The training of the models is implemented in the fit.py
script. The main loop performs training of classifiers for each fold and saving the models checkpoint. The predict_val.py
script iterates through the models and folds to generate predictions on the validation set, that will be stored in the PREDICTION_VAL_PATH folder defined in constants.py
.
The evaluate.py
script generates predictions and evaluation metrics on the testing set.
The predict.py
script generates predictions and evaluation metrics overall the dataset selecting all the time series without any filter or stratification strategy. Configurations for the classifiers are generated by the configuration.py
script. Configuration for the baselines are provided as json files in ./results/cfg
folder. All the evaluation metrics are generated by the scripts wee.py
, time_cost.py
and performance_deviation.py
.
Machine learning models are encapsulated in specific classes (contained in the scripts fcn.py
, oscnn.py
, rocket.py
) that share common methods to facilitate their application.

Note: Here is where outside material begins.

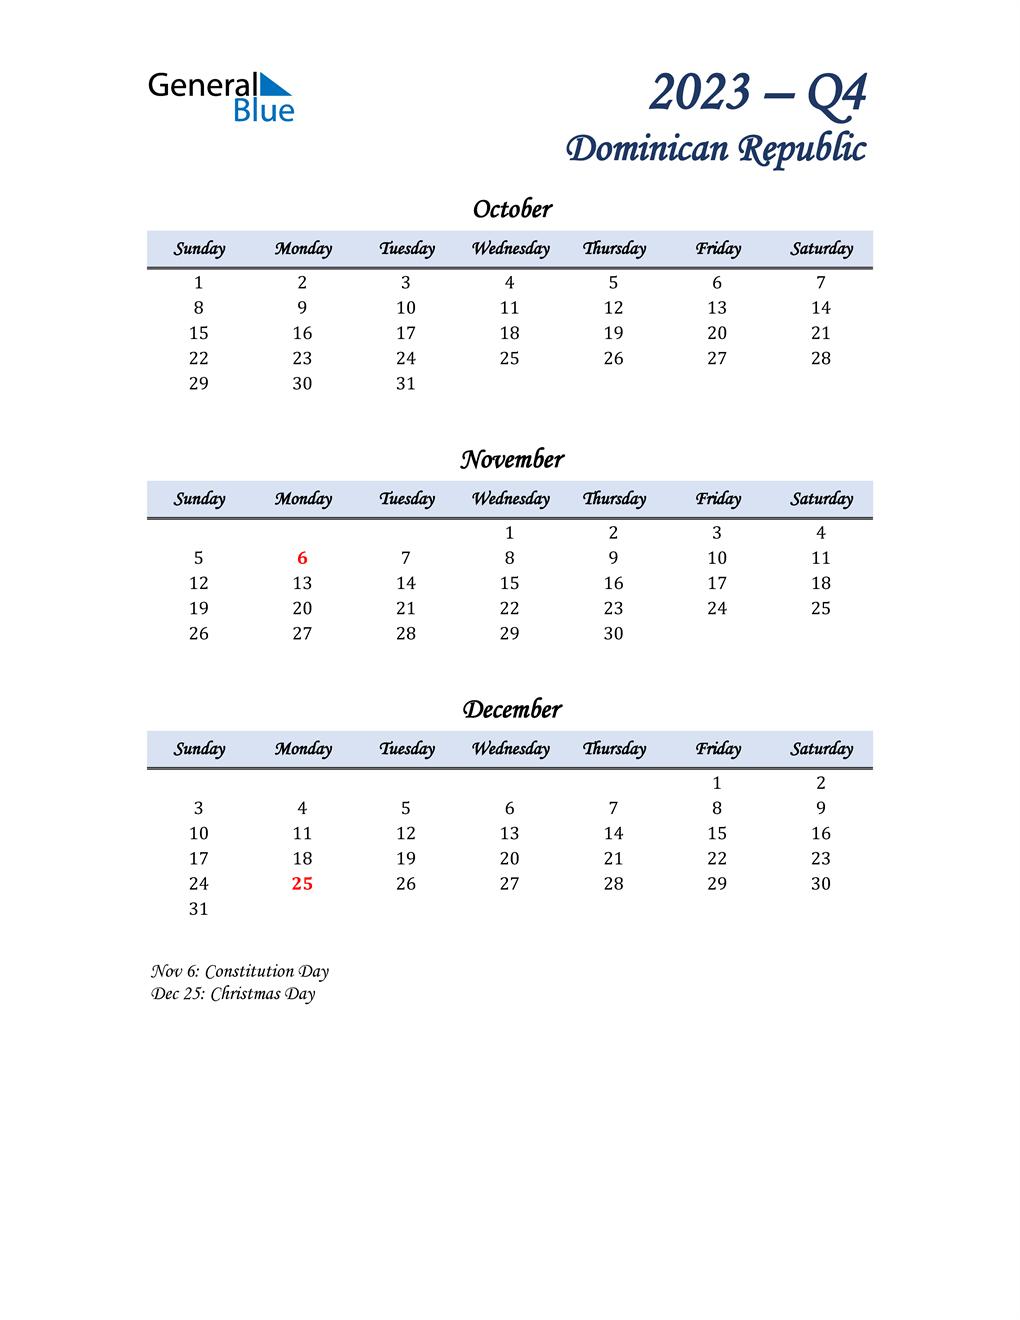 October, November, and December Calendar for Dominican Republic
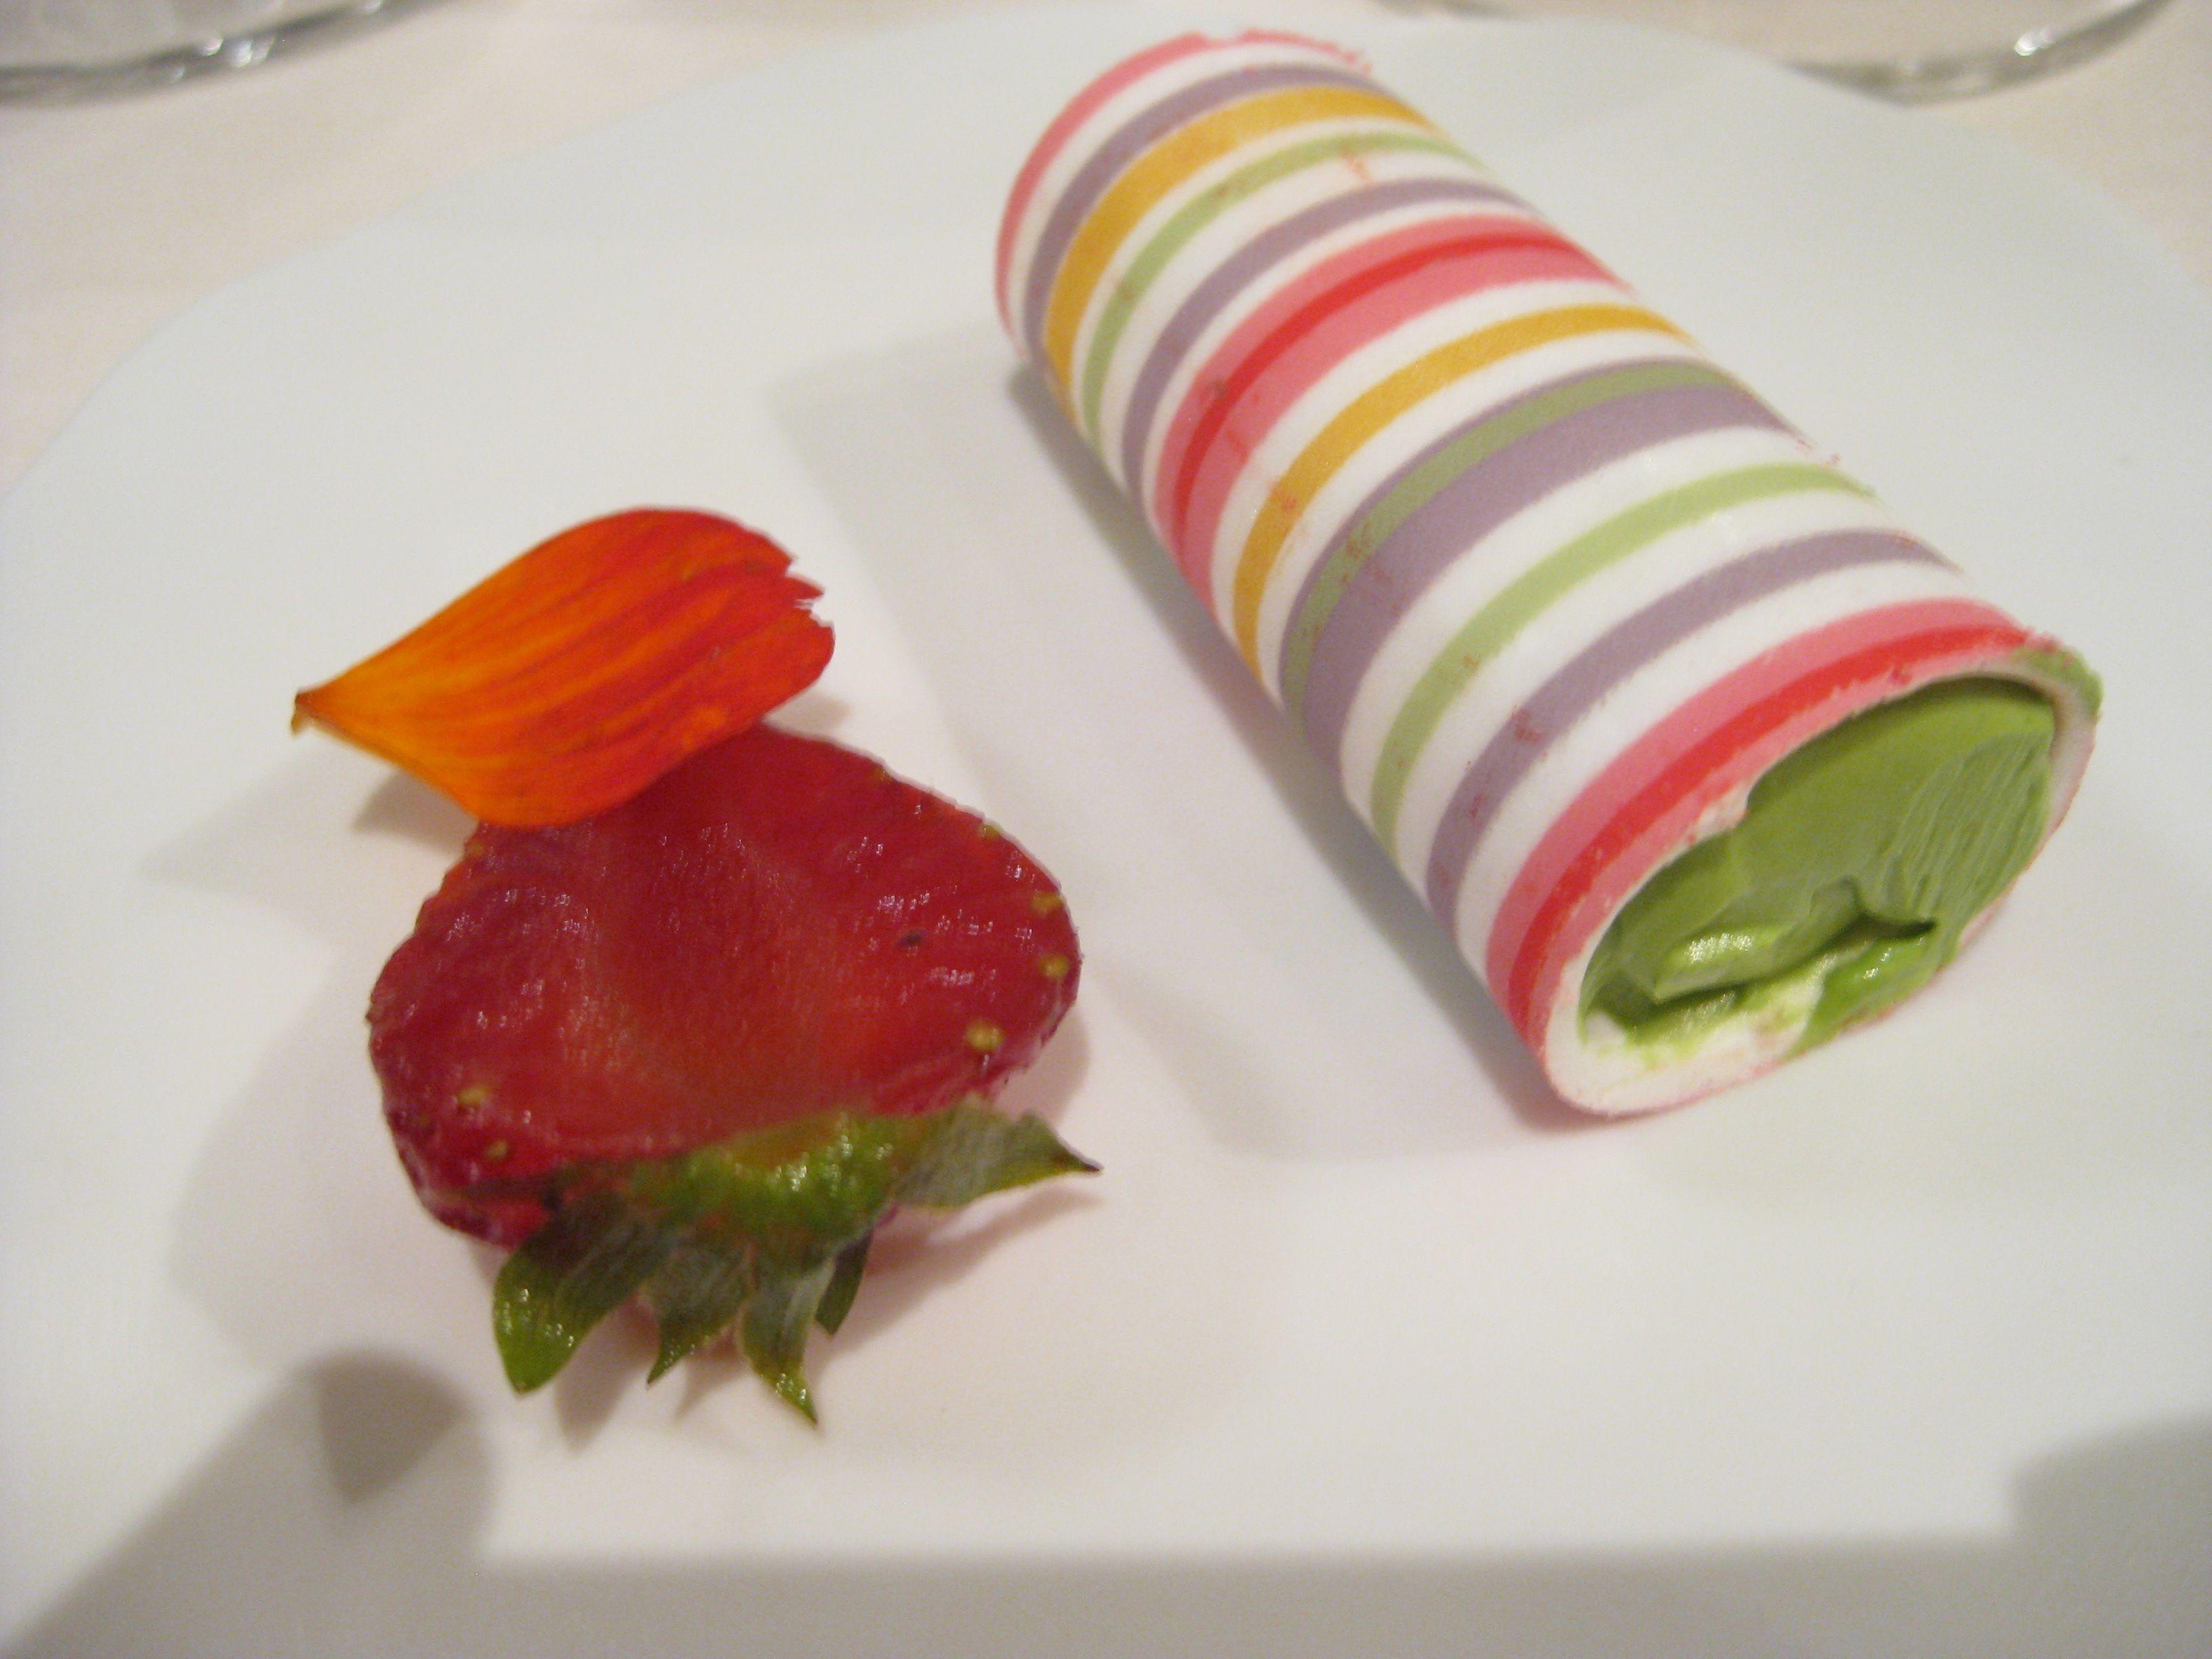 9 best restaurants paris michelin star images on pinterest

New models can be wrapped in other classes that implement the following methods:
class NewModel():
def __init__(self):
# Initialize the model
def fit(self, X_train, y_train, X_val, y_val):
# perform model training on the dataset passing training and validation data.
def predict(self, X):
# Predict the target for given data.
def predict_proba(self, X):
# Predict class probabilities for given data.
def dump(self, filename):
# Save the model to a path.
def load(self, filename):
# Load the model from path
def set_seeds(seed):
# Set the seed for all necessary random number generators.
The dataset used in this study is based on the data provided in Towards effective assessment of steady state performance in Java software: are we there yet? article.
The models used in the paper have been implemented using:
- OmniScale-CNN (Omni-Scale CNNs: a simple and effective kernel size configuration for time series classification)
- aeon ToolKit (https://github.com/aeon-toolkit/aeon)
This project is licensed under the MIT License - see the LICENSE file for details.